Intermittent Explosive Disorder
Aggressive and angry children is not a pretty site to observe. The idea that a sweet, young child can sit down with you and behave like an angel in one moment, and then run around threatening 6’2″ adult males with arms and shoes in another moment is baffling. Intermittent explosive disorder is an impulse-control disorder, characterized by sudden episodes of anger, hostility and recurrent aggressive outbursts.
The predictability of these episodes in children is not always obvious. As stated above, a child may demonstrate a loving persona, interacting with you in a pleasant way that would never make you think twice of any hidden violence. But when the other side of them manifests, it’s as if a demon were unleashed.
Believe it or not, even adults may become frightened when a child’s IED manifests. At the height of a reaction, a child with IED may demonstrate the following behavior:
- Unpredictable impulsive behavior
- Rage directed at anyone who stands in their way
- Nonsensical hyperactivity
- Vulgar language, including cursing and verbal threats
- Physical threats and assaults
- Shouting and crying
- Disorganization and refusal to cooperate
- Unwillingness to calm down and connect with others
After they take their medications, usually Abilify, Clonidine or Risperidone, they tend to calm down within that hour. But in order to be able to give them their medication, they must naturally calm down to a certain extent, until they are in the right state of mind to cooperate. Until then, the earthquake must ride its course.

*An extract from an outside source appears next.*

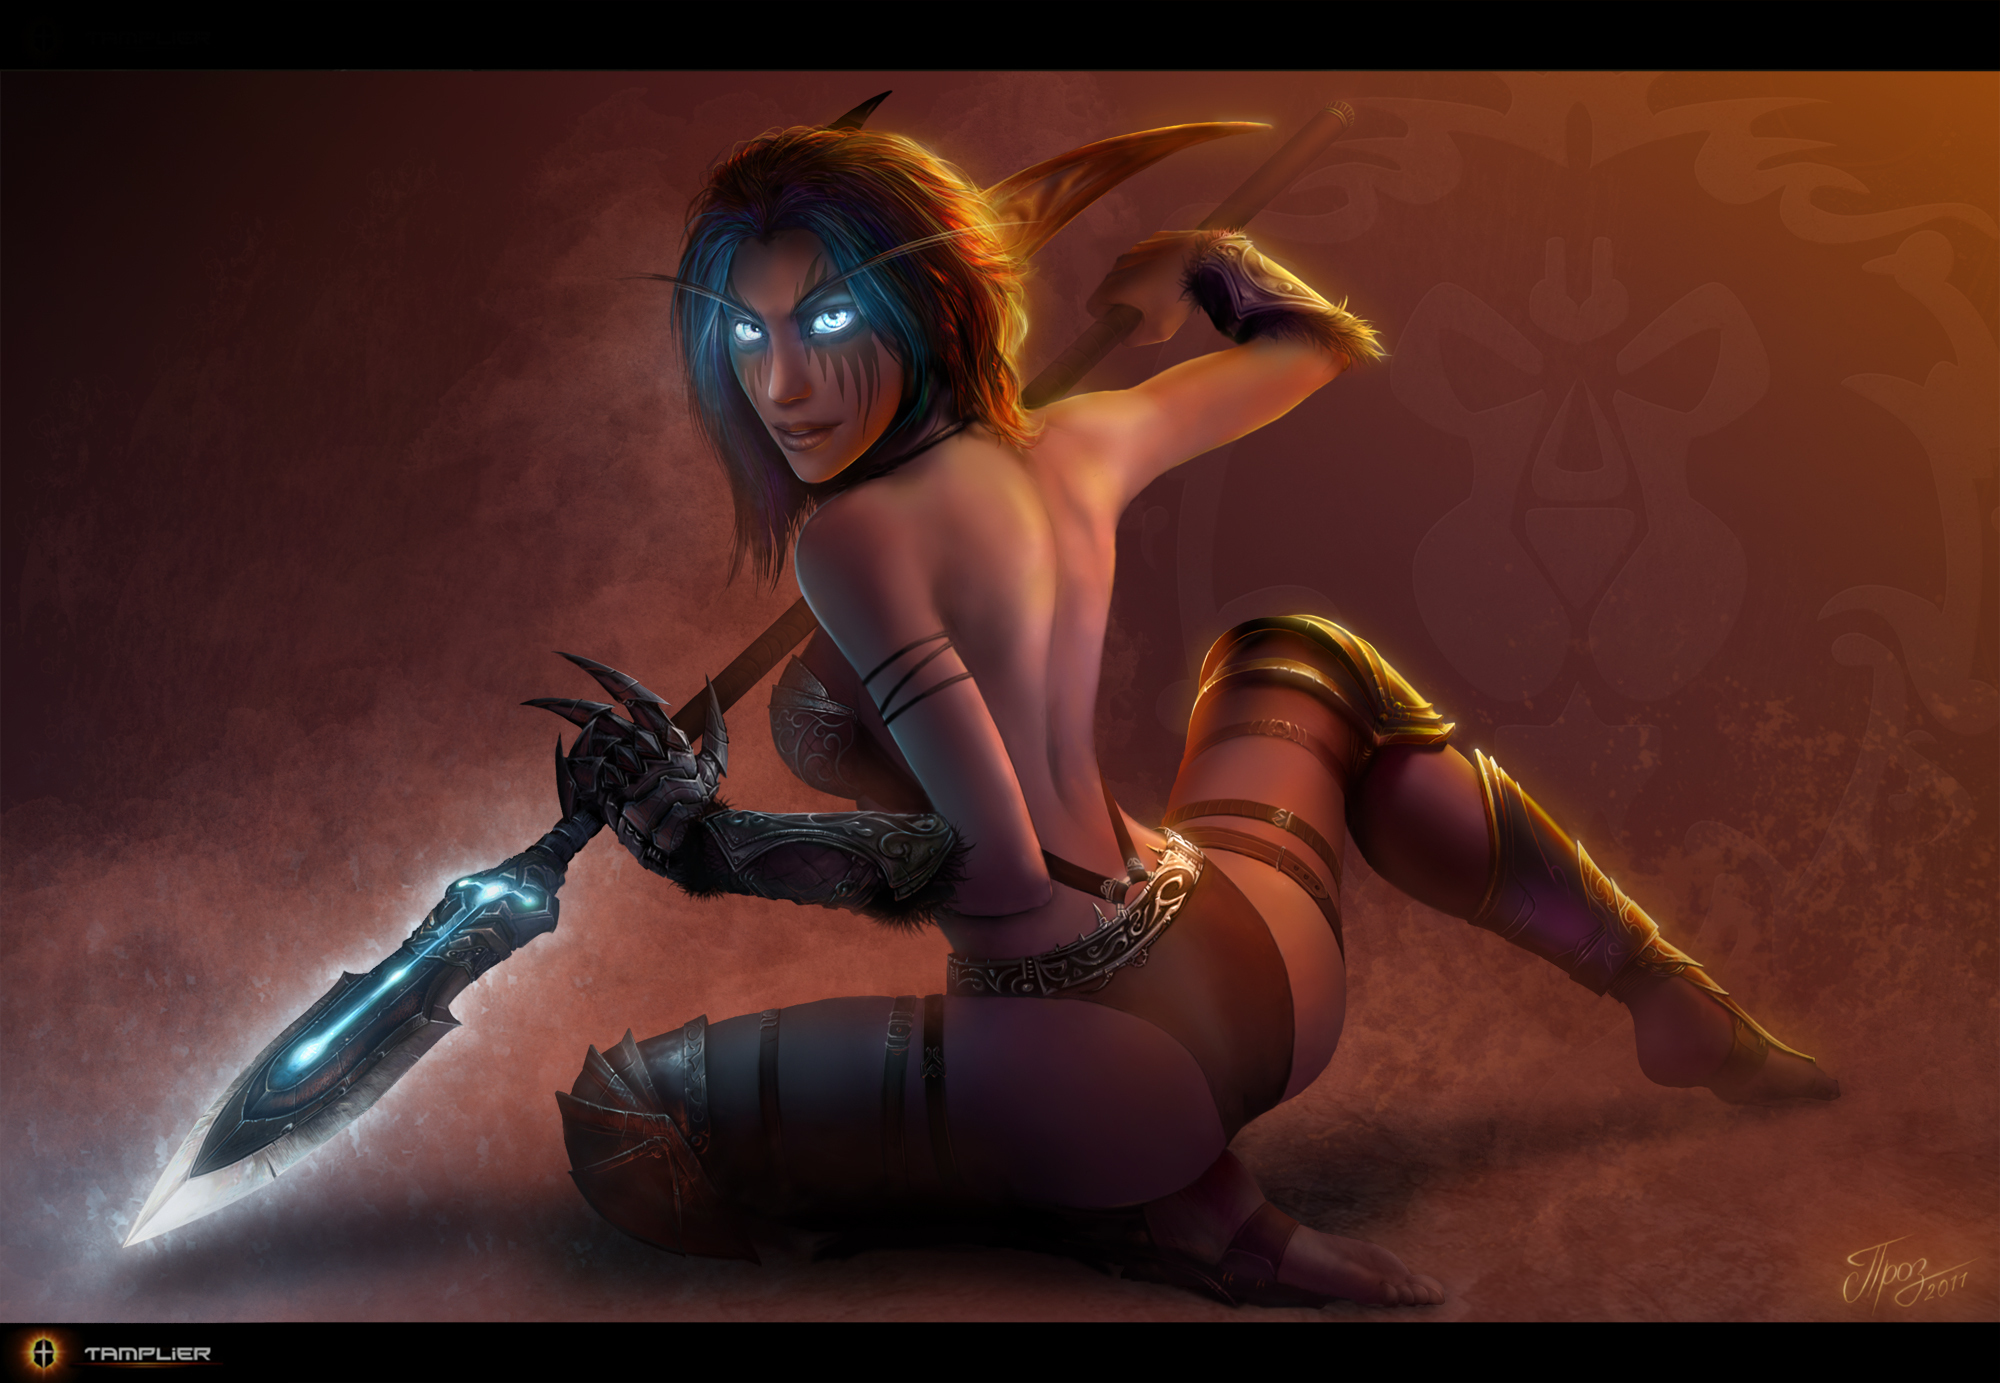 world-of-warcraft-hot-girl

Children with IED need consistent behavioral and psychopharmacological treatment. IED is usually not their only psychiatric diagnosis. They may also have ADHD, further contributing to their hyperactivity, lack of focus and inattentive behavior. Keep in mind that psychosocial factors may also be at play, such as poor family dynamics and unstable home environments.
A child with IED? Definitely not a pretty site. That’s why learning more about children is important.